Referee: Abstract: The central claims that the framework 'improves robustness in multi-policy execution' and 'minimizes the reliance on robot-specific development workflows' lack any supporting quantitative results, ablation studies, error analysis, or comparative experiments, leaving the assertions unsubstantiated.

Authors: We acknowledge that the abstract, as a high-level summary, does not itself contain quantitative metrics. The full manuscript contains an evaluation section that reports hardware validation results on heterogeneous platforms, including comparative experiments against modular VLA/VLN baselines, ablation studies isolating the closed-loop data collection and e-URDF mapping components, and error analysis for long-horizon multi-agent tasks. These results support the robustness and workflow-reduction claims. To make this support more immediately visible, we will revise the abstract to include concise references to the key quantitative findings and direct the reader to the evaluation section. revision: partial
Referee: Unified VLM controller section: The description of a single unified agent maintaining semantic continuity across long-horizon tasks while dynamically assigning control to heterogeneous agents via e-URDF provides no mechanism or analysis for addressing latency, context drift, or precision failures that typically necessitate modular decomposition in VLA/VLN systems.

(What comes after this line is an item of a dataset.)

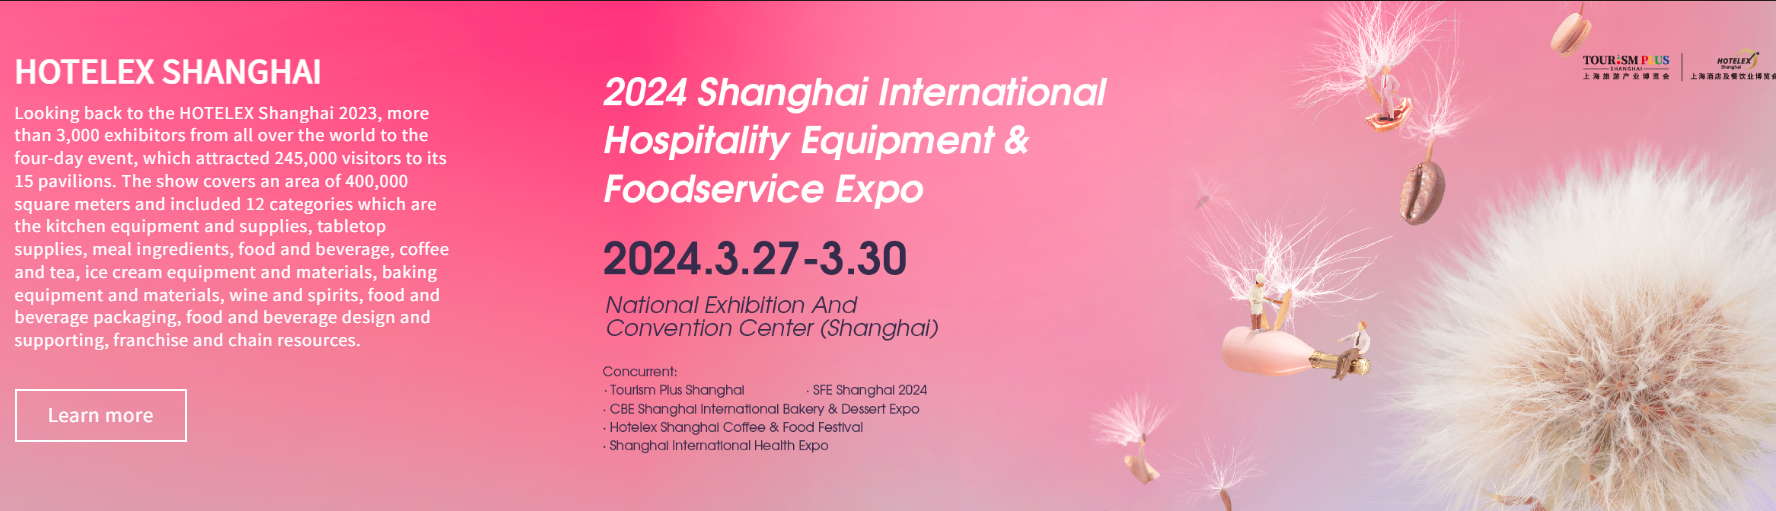 Bakit HOTELEX Shanghai Exhibition 2024?

Authors: The referee correctly notes that explicit mechanisms for latency, context drift, and precision failures require clearer exposition. The current design uses the e-URDF representation to supply real-time physical-state grounding to the VLM, combined with the closed-loop trajectory storage that feeds back execution outcomes for dynamic re-assignment. This hierarchical structure is intended to reduce drift and precision errors without full modular decomposition. We agree the analysis is insufficiently detailed and will add a dedicated subsection that describes the latency-mitigation strategy, drift-correction via state accumulation, and failure-handling logic, supported by additional timing and robustness metrics from our experiments. revision: yes
Referee: Sim-to-real topological mapping: No details are given on how the e-URDF-based mapping remains stable under agent heterogeneity, iterative optimization, or real-world disturbances, which is load-bearing for the closed-loop claim.

Authors: We recognize that stability of the e-URDF mapping under heterogeneity, iterative updates, and disturbances is central to the closed-loop claim and merits explicit treatment. The mapping achieves stability by encoding topological relations between semantic instructions and physical parameters in a hardware-agnostic yet robot-specific e-URDF format; the unified controller then uses live state feedback to adapt assignments, while the data-collection loop incrementally refines the mapping from observed trajectories. We will expand the sim-to-real section with a formal description of the mapping procedure, pseudocode for the update rule, and empirical stability analysis drawn from our hardware trials under varying disturbances and agent configurations. revision: yes

Circularity Check

0 steps flagged

No circularity: framework is descriptive architecture without derivations or self-referential reductions

full rationale

The paper proposes ROSClaw as a conceptual framework integrating a unified VLM controller with e-URDF mappings and closed-loop data accumulation for heterogeneous agents. No equations, parameters, or mathematical derivations appear in the abstract or described structure. Claims regarding semantic continuity, dynamic task assignment, and sim-to-real mapping are presented as architectural features rather than predictions derived from fitted inputs or self-definitions. No self-citations are invoked as load-bearing uniqueness theorems or ansatzes. The central claims do not reduce to their own inputs by construction; they remain independent descriptions of a proposed system. This is the expected non-finding for a framework paper lacking quantitative derivations.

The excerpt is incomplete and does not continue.